_TO DO_
A word-for-word copy of the data is what's wanted, with no pictures.

_SUPPLIED INFORMATION_
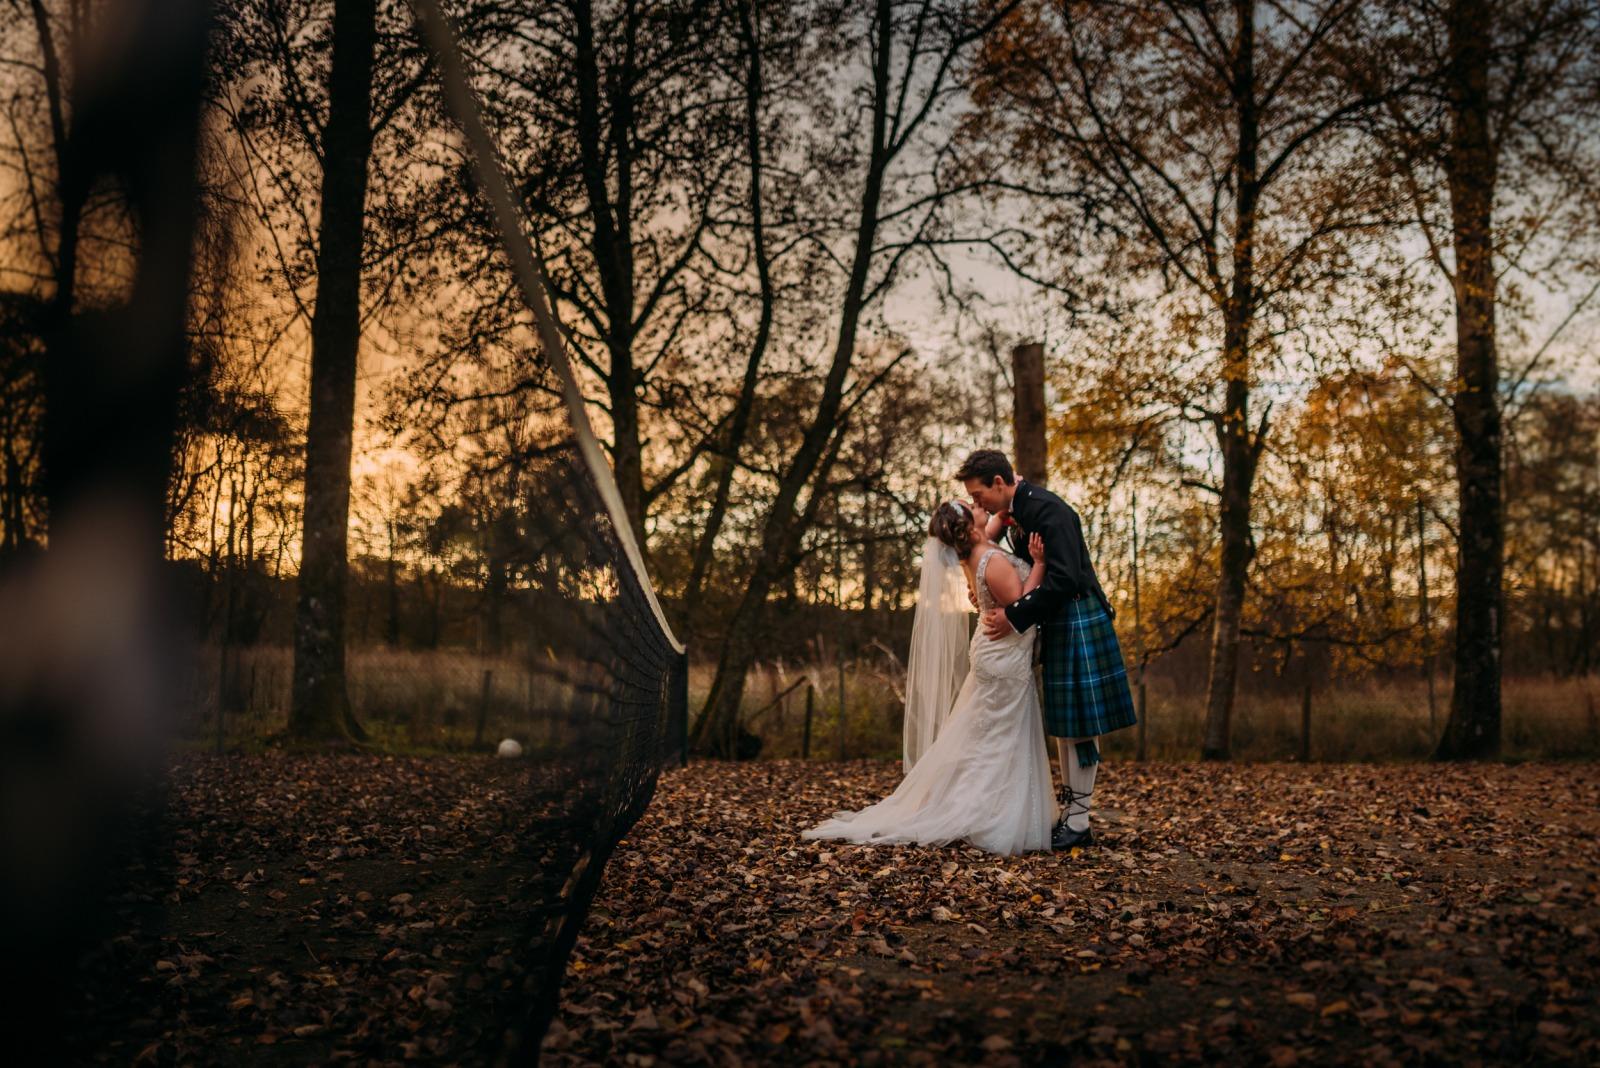 highward-house-wedding-407-of-372
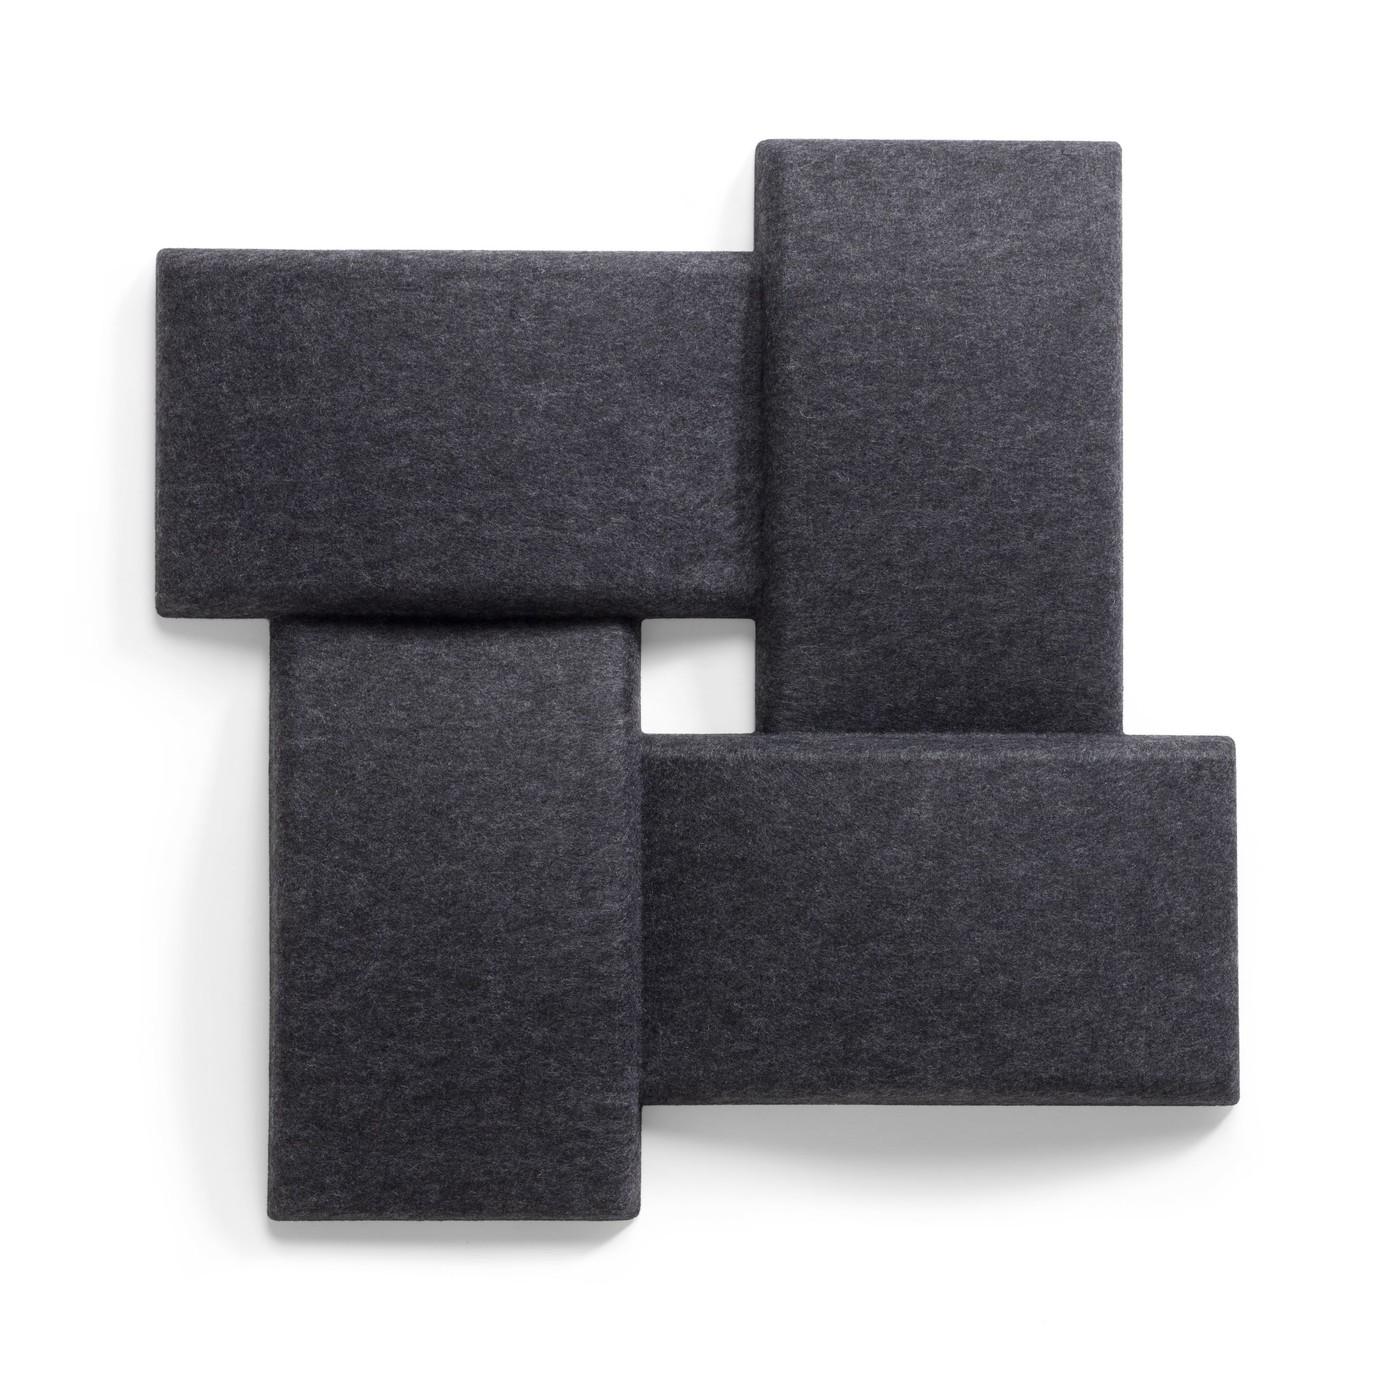 0-Control-Sonido-Paneles-Acusticos-Soundwave-Wicker-1380
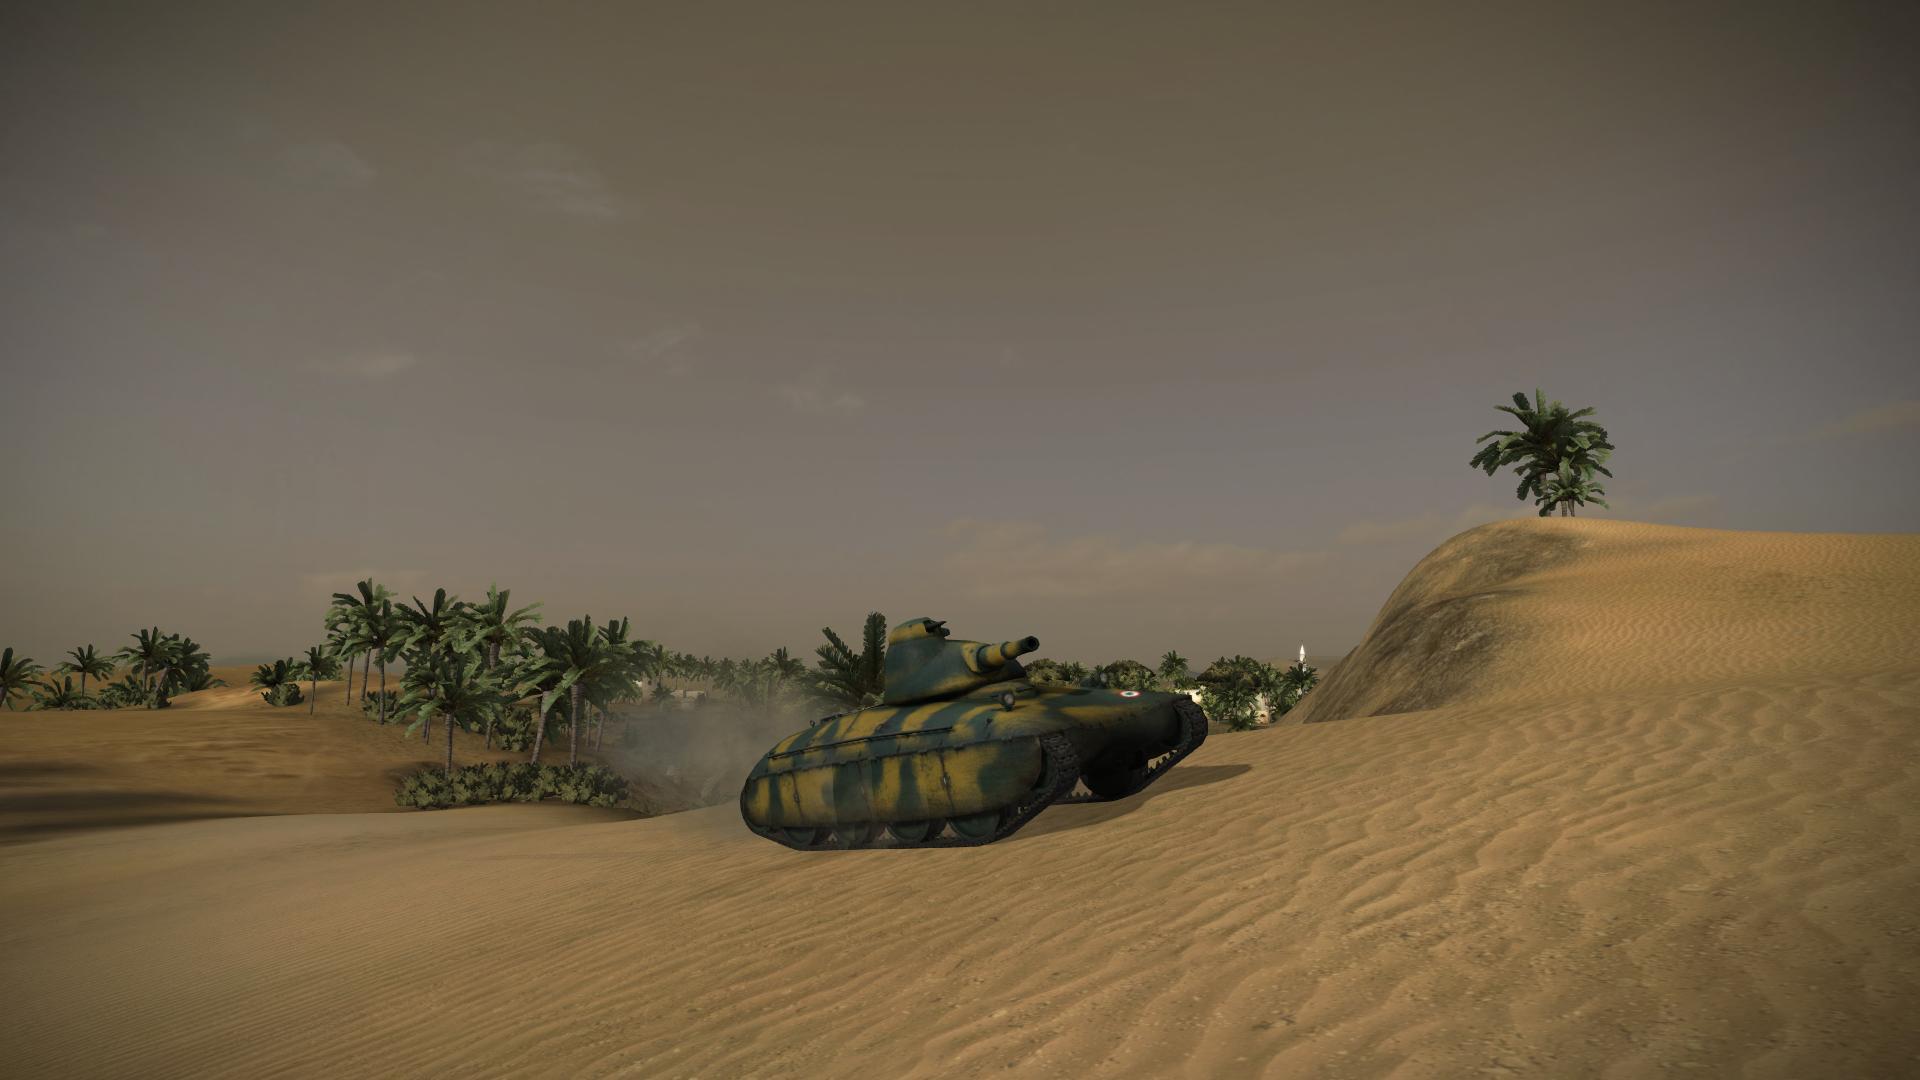 Klicke auf die Grafik für eine größere AnsichtName:AMX-40_3.jpgHits:84Größe:126,9 KBID:6076

_SOLUTION TO THIS EXERCISE_
 highward-house-wedding-407-of-372
 0-Control-Sonido-Paneles-Acusticos-Soundwave-Wicker-1380
 Klicke auf die Grafik für eine größere AnsichtName:AMX-40_3.jpgHits:84Größe:126,9 KBID:6076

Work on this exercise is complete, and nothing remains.